Abstract
Background
Asthmatic patients with chest tightness as their only presenting symptom (chest tightness variant asthma [CTVA]) have clinical characteristics of eosinophilic airway inflammation similar to those of classic asthma (CA); however, whether CTVA has similar response to antiasthma treatment as compared with CA remains unclear.
Objective
The response of 76 CTVA patients to standard asthma treatments with inhaled corticosteroids with long‐acting beta‐agonists was explored in a 52‐week multicenter, prospective, real‐world study.
Results
After 52 weeks of treatment with therapy regimens used for CA, the mean 5‐point Asthma Control Questionnaire (ACQ‐5) score decreased markedly from 1.38(first administration) to 0.71 (52 weeks, mean decrease: 0.674, 95%CI: 0.447‐0.900, P<.001).The mean asthma quality‐of‐life questionnaire (AQLQ) score increased from 5.77 (first administration) to 6.20 (52 weeks, mean increase: 0.441, 95% CI 0.258‐0.625, P<.001). Furthermore, at week 52, FVC, FEV1%, the diurnal variation in PEFand the PD20‐FEV1 were significantly improved. Subgroup analysis revealed that the patients at first administration in the responsive group had higher ACQ‐5 scores than those in the nonresponsive group (P < .05).
Conclusion
In conclusion, patients with CTVA had a good therapeutic response to the guideline‐recommended routine treatment (containing inhaled corticosteroids). The association between the treatment response and the severity of CTVA suggested that CTVA patients with higher ACQ‐5 scores had better therapeutic effects.

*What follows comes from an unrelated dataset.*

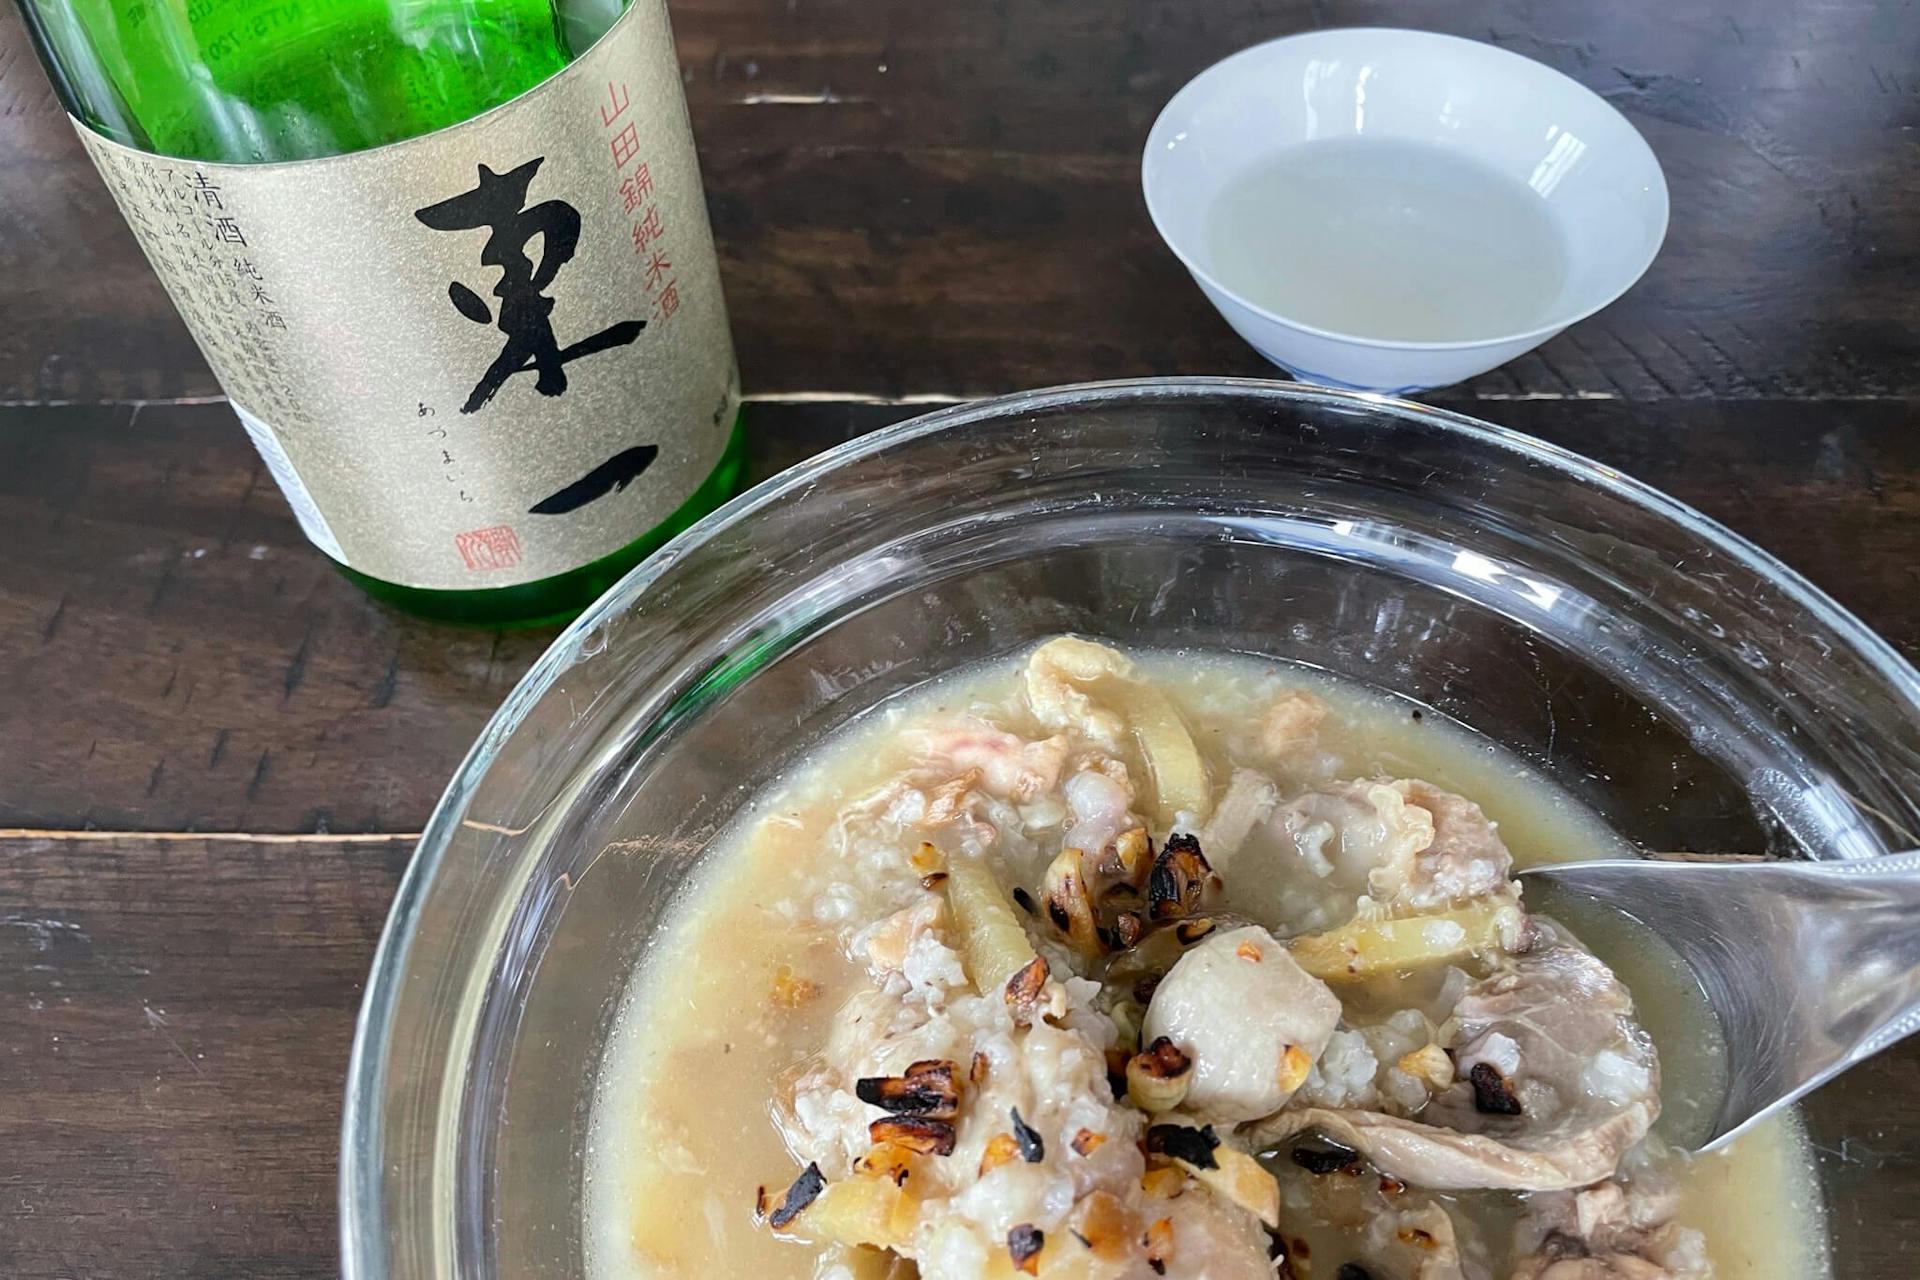 Kanzake (warm sake) with a type of rice porridge with chicken
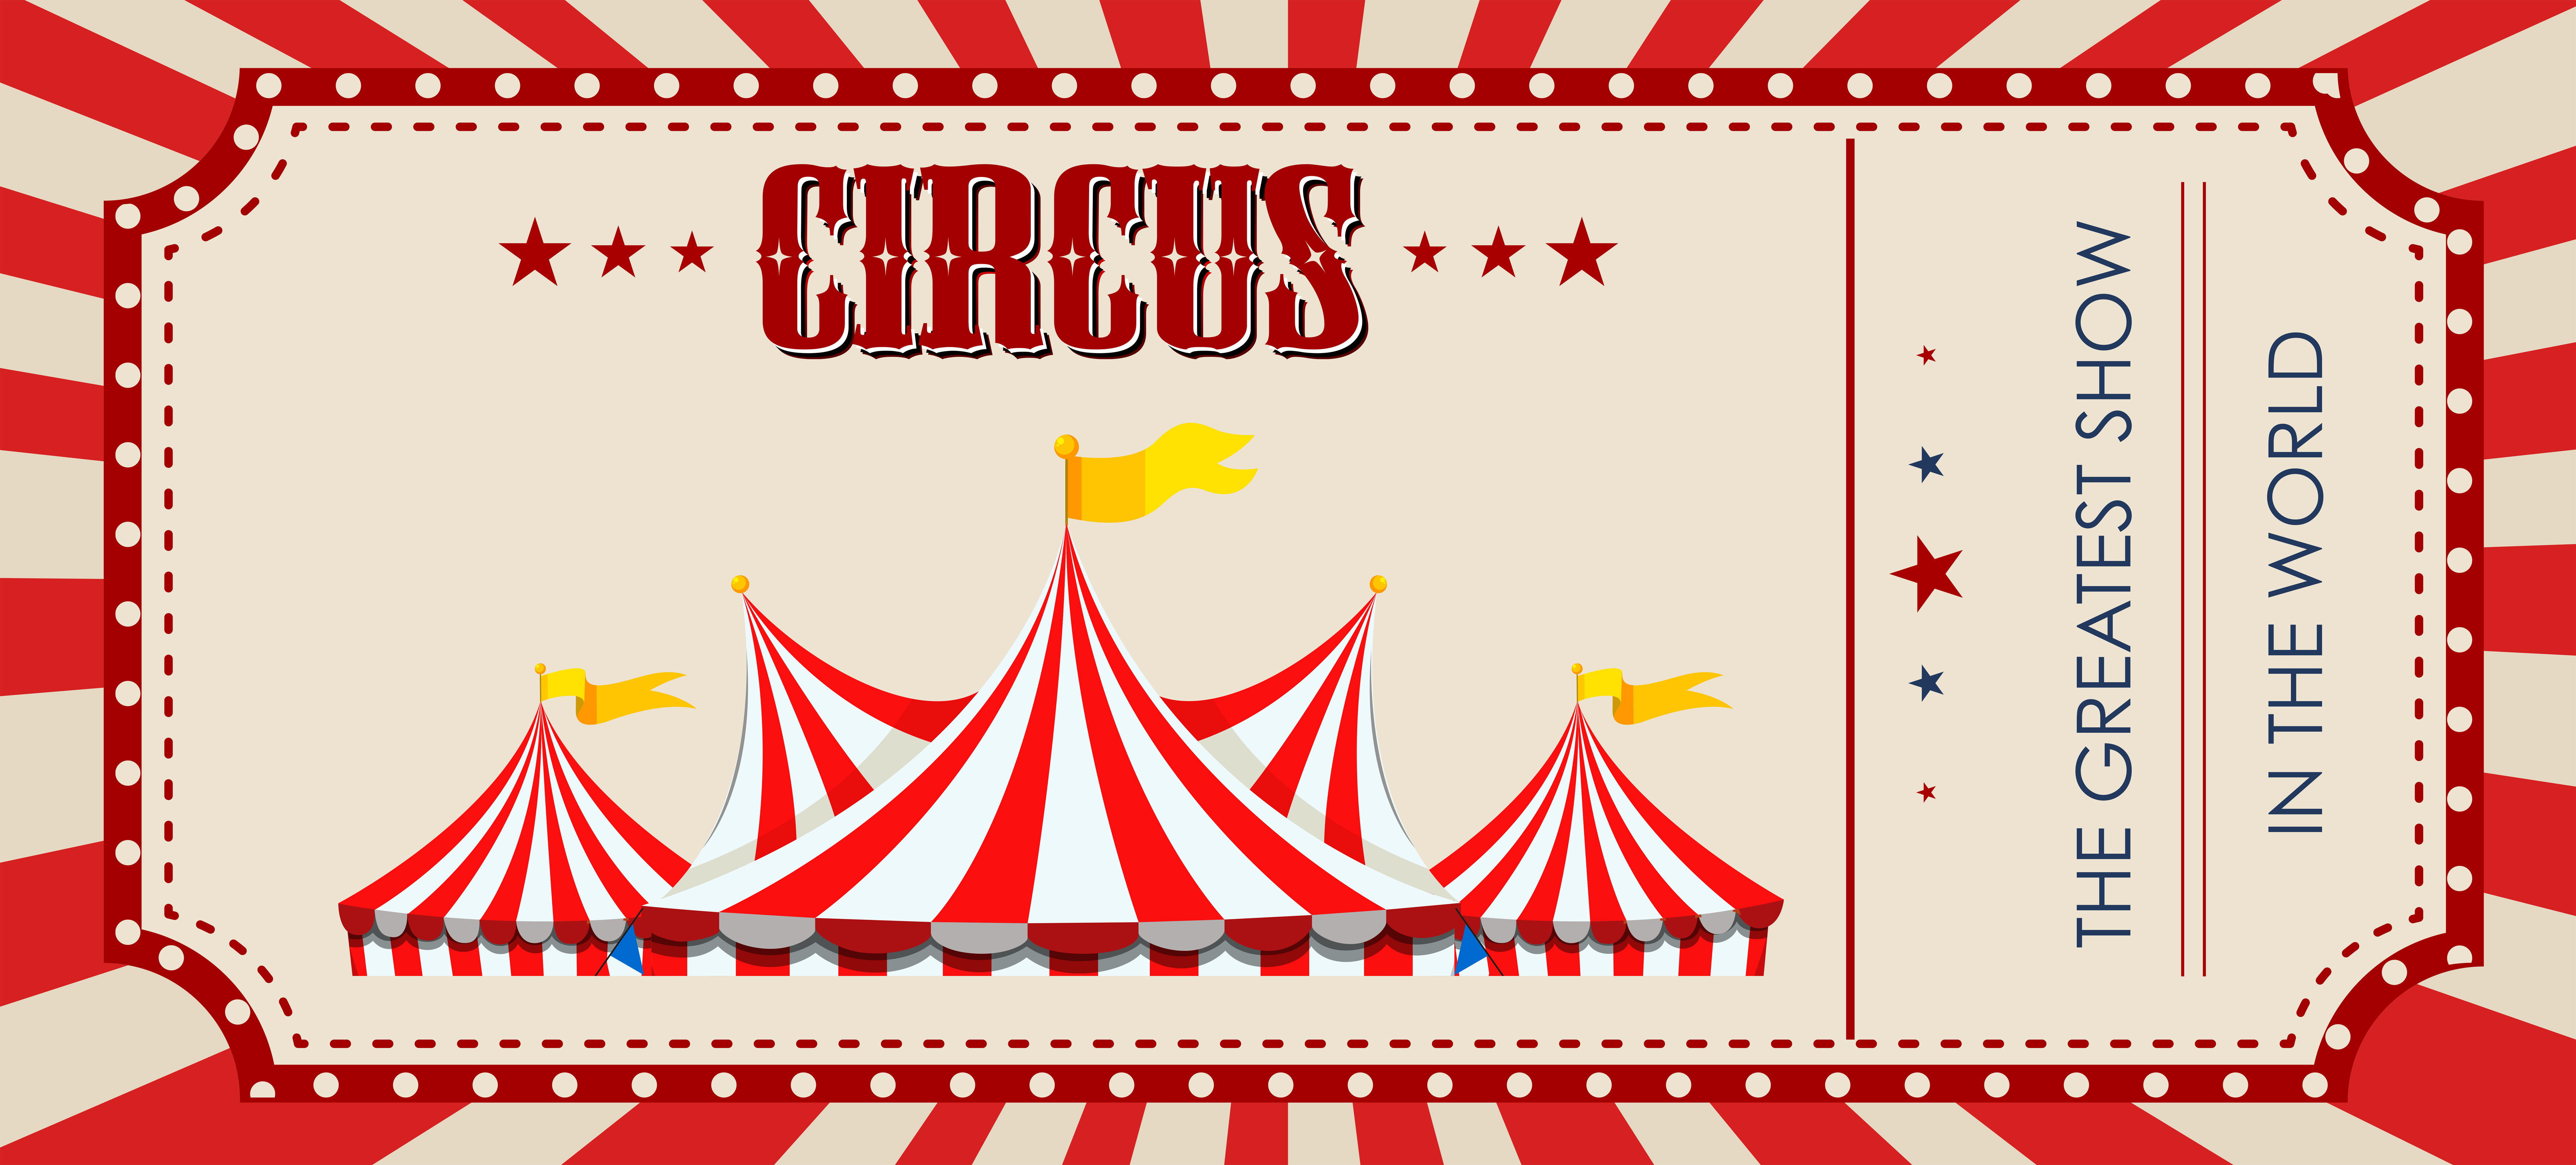 Free Printable Circus Ticket Template Printable Form, Templates and

Keywords: chest tightness variant asthma, inhaled corticosteroids, long‐acting beta‐agonists, real‐world study
Dear editor,
In 2013, we have reported chest tightness being the only respiratory symptom among 24 asthmatic patients on presentation, 1 and referred to this type of asthma as chest tightness variant asthma (CTVA). Compared with patients with classic asthma (CA) or cough variant asthma (CVA), 2 , 3 patients with CTVA also presented with eosinophilic airway inflammation. However, whether CTVA has similar response to antiasthma treatment as compared with CA remains unclear. We therefore sought to explore the therapeutic response to standard asthma treatments among 76 patients with CTVA in a 52‐week multicenter, prospective, real‐world study.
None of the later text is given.